Christopher Moltisanti: Then fuckin' get it.
J.T. Dolan: Chris, you know me. What could you possibly do ta me that I haven't already been through?
Christopher Moltisanti: I'm positive we'll think o' somethin'. (Chris punches J.T. in the face, hard, sending him to the ground)
J.T. Dolan: Ow! My God... (Little Paulie Germani keeps kicking J.T. on the ground and Chris breaks a glass framed portrait on J.T.'s head) Ow! Oh! Oh...auh...

Marco PoloEdit

Bobby Baccalieri: Brought you some danishes and coffee.
Uncle Junior: Fuckin' medication. I can't think, can't stay awake.
Bobby Baccalieri: It don't have that side-effect. But it'll help your outlook if you take it consistently like you're supposed to. What's on?
Uncle Junior: They said in the guide it's an Italian movie, but even with the captions I can't tell what's what. They had Jesus hanging off a helicopter, but you could tell it was a dummy.
Bobby Baccalieri: You know who I saw at the bakery?
Uncle Junior: How the fuck could I know?
Bobby Baccalieri: Rosalie Aprile. She said they're having a surprise party for Carmela's father next week. He's gonna be seventy-five. You get an invite?
Uncle Junior: No but we go back to when Moses wore short pants. I better call Hugh. Tell him not to expect me.
Bobby Baccalieri: It's a surprise party, June.
Uncle Junior: What are we, children? Anyway, at our age it's enough surprise we're still alive every morning.

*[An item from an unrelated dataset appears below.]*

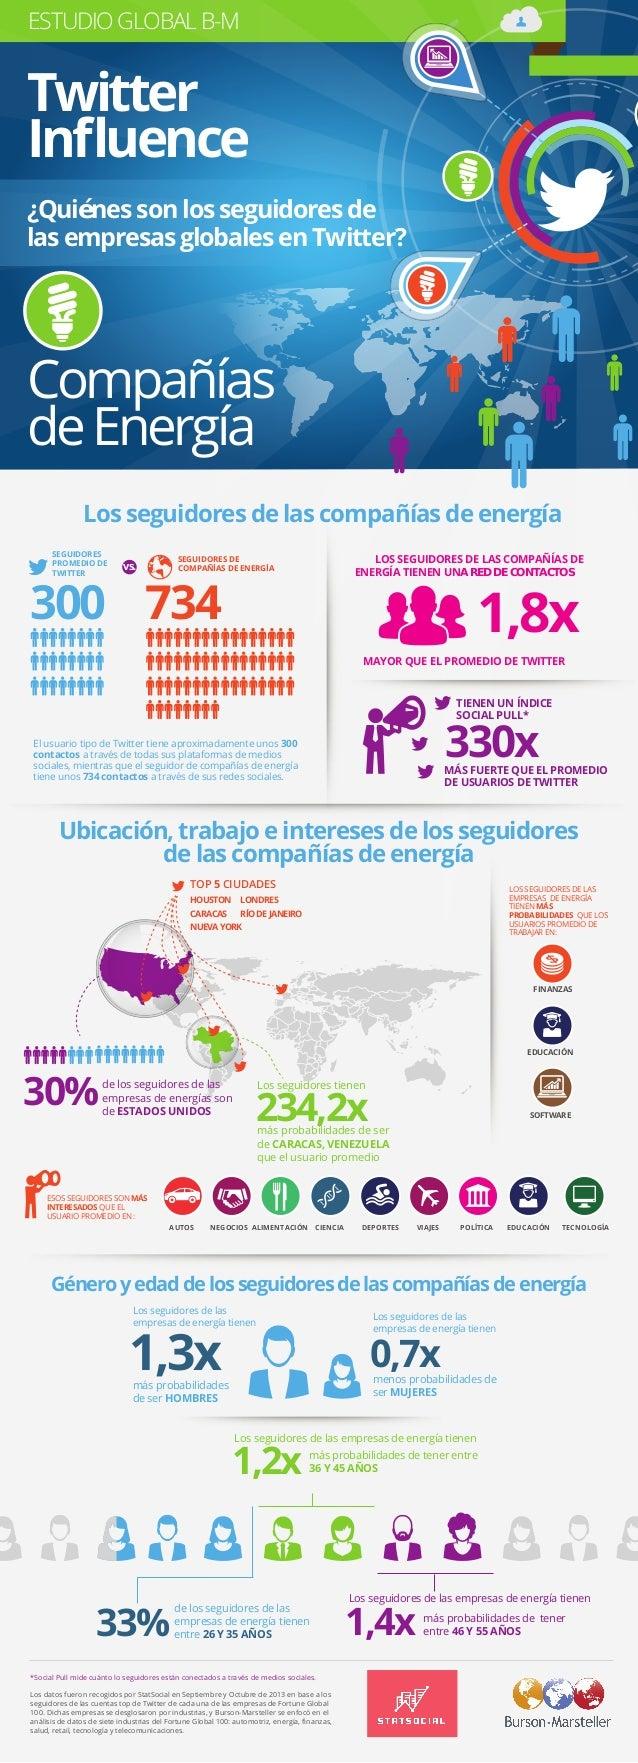 Estudio Global B-M Twitter Influence - ENERGÍA

Hugh DeAngelis: (on phone) Hello?
Uncle Junior: (on phone) Hugo,
Hugh DeAngelis: Who is this?
Uncle Junior: Corrado Soprano.
Hugh DeAngelis: Ohhh...Corrado, how are ya?
Uncle Junior: How am I? I'm a prisoner in my own home is how I am. What do we live for?
Hugh DeAngelis: Yeah.
Uncle Junior: Anyhow, I wanna wish you a bona fortuna and also send you my regrets. I'd love to be at your jubilee.
Bobby Baccilieri: Junior...
Hugh DeAngelis: Jubilee?!
Uncle Junior: The federal government says I can't leave the house and my family keeps me sedated. Bobby told me it was a surprise party, but I told him, I go "At our age, it's enough surprise everyday when we get up in the morning. Right?"
Hugh DeAngelis: Uhh..I suppose so.
Uncle Junior: So happy birthday my friend and many more. Arrividerci.

Carmela Soprano: Did somebody tell you something?
Hugh DeAngelis: I know all about it. You can save the cloak and dagger.
Mary DeAngelis: AJ?!
Anthony Junior: Huh? What?!
Hugh DeAngelis: Junior Soprano told me all about it.
Carmela Soprano: That miserable fuckin' man.
Mary DeAngelis: Ohhh...
Carmela Soprano: You don't know the half!
Hugh DeAngelis: Relax! I'm fine with knowin'. In my age, it's surprise enough to be able to get out of bed every mornin'.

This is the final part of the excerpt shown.